----- EXTRACTED ENTRIES
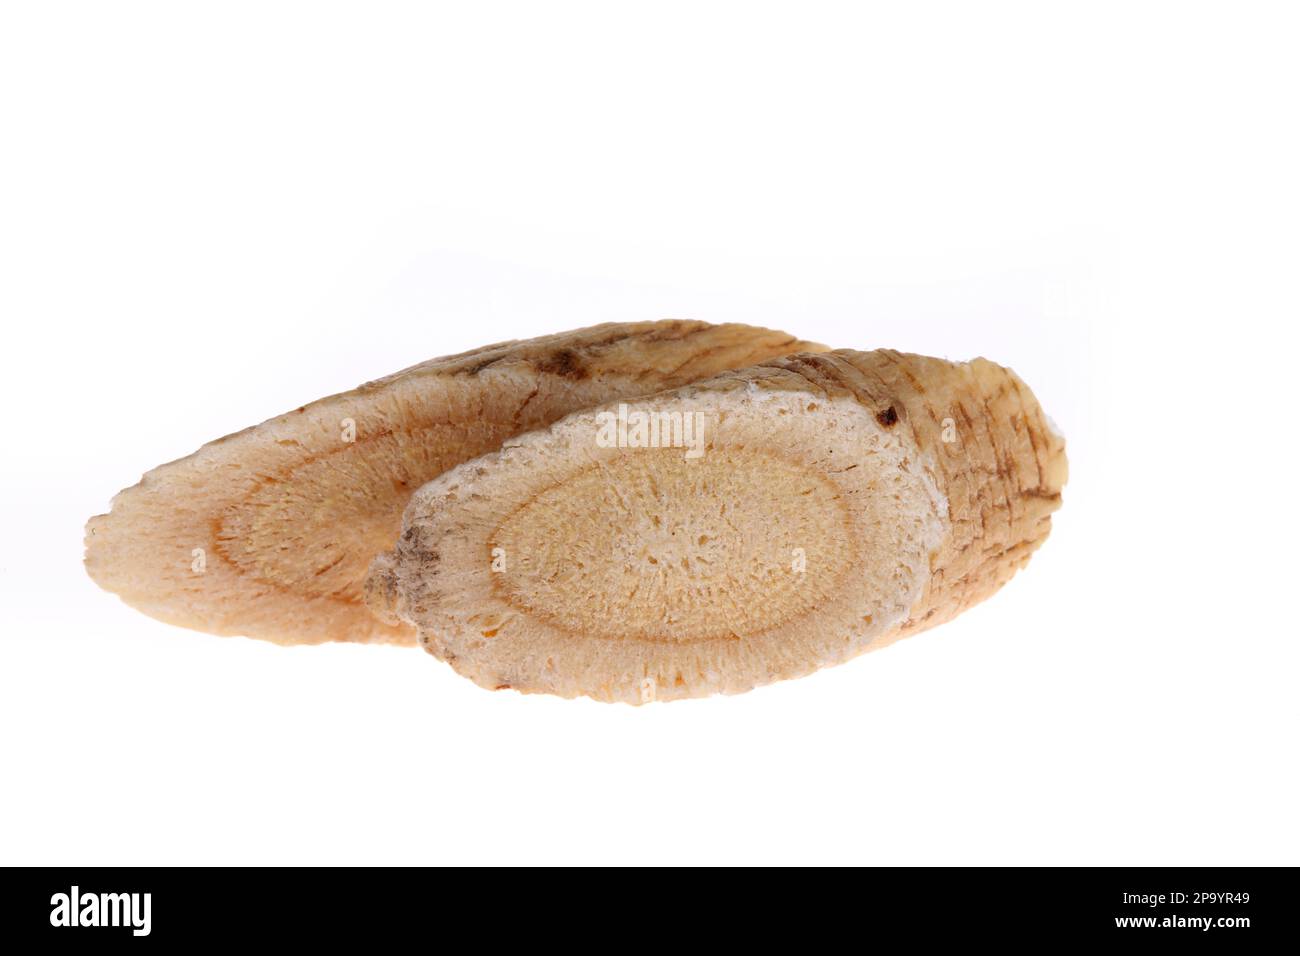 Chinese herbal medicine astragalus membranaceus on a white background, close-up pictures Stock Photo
----------
----- EXTRACTED ENTRIES
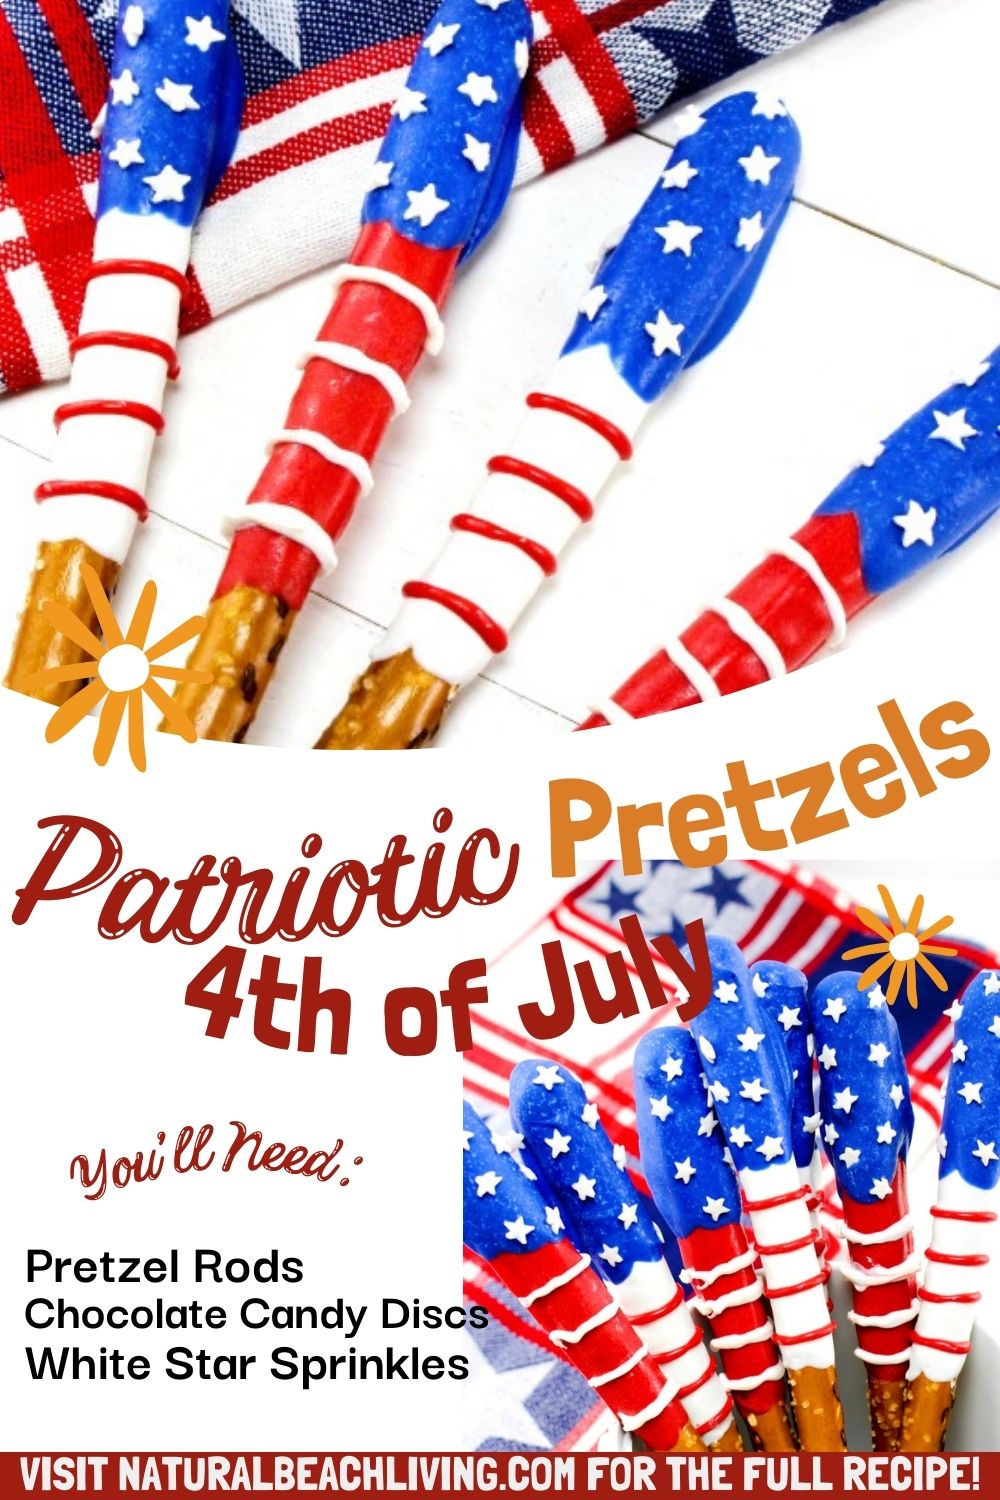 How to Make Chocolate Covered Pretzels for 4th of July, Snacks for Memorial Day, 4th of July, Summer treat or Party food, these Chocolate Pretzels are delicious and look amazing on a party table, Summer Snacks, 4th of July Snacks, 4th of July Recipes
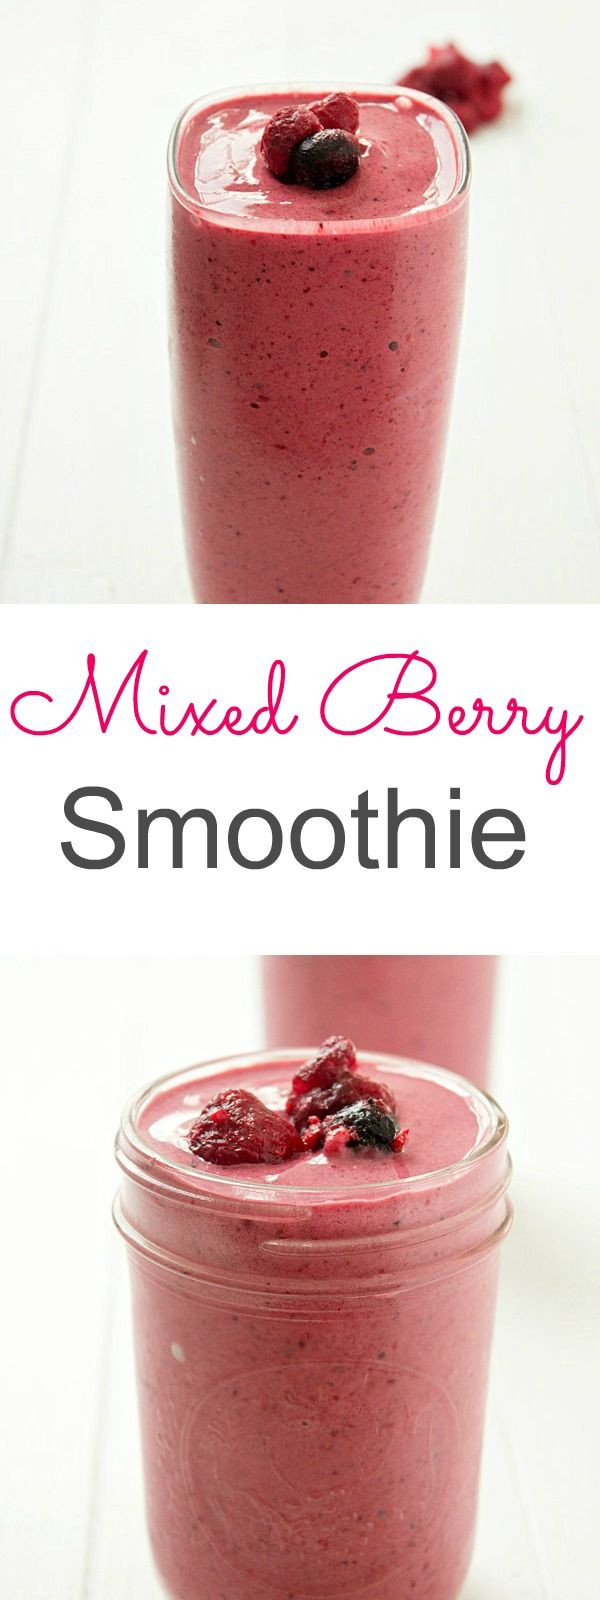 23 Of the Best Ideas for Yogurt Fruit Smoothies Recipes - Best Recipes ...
----------
----- EXTRACTED ENTRIES
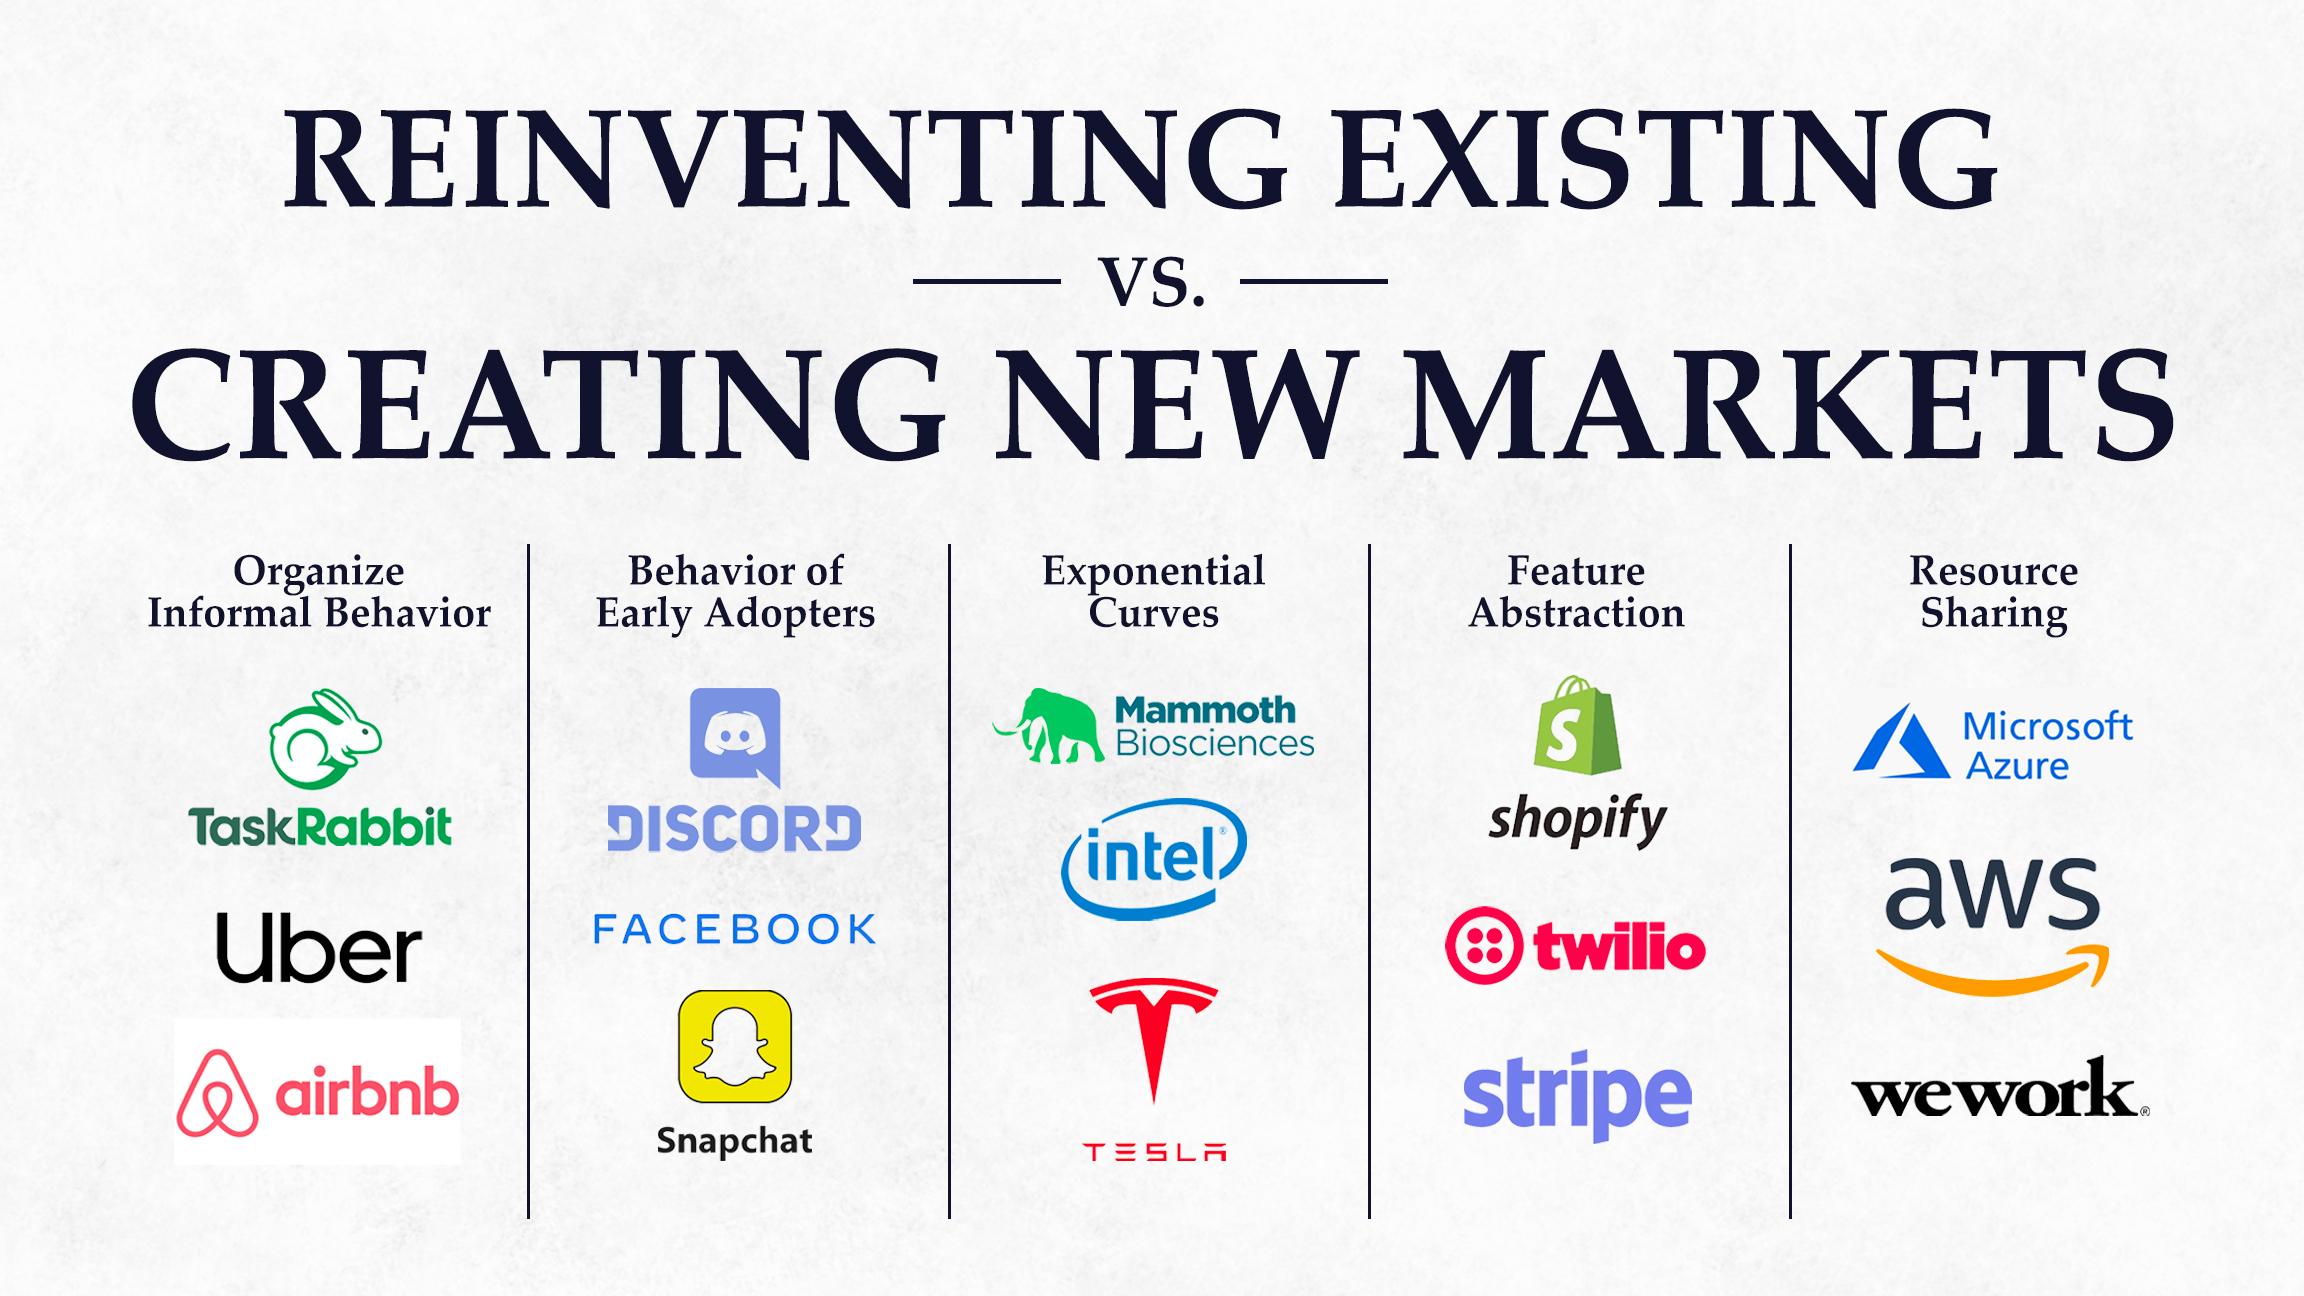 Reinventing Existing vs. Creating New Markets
----------
ABOUT THIS EXERCISE => Given the records above, return the lines starting at the one that holds "How to Make" and ending at the one that holds "23 Of the Best", exactly, and nothing besides; leave every picture out.

EXERCISE ANSWER =>
 How to Make Chocolate Covered Pretzels for 4th of July, Snacks for Memorial Day, 4th of July, Summer treat or Party food, these Chocolate Pretzels are delicious and look amazing on a party table, Summer Snacks, 4th of July Snacks, 4th of July Recipes
 23 Of the Best Ideas for Yogurt Fruit Smoothies Recipes - Best Recipes ...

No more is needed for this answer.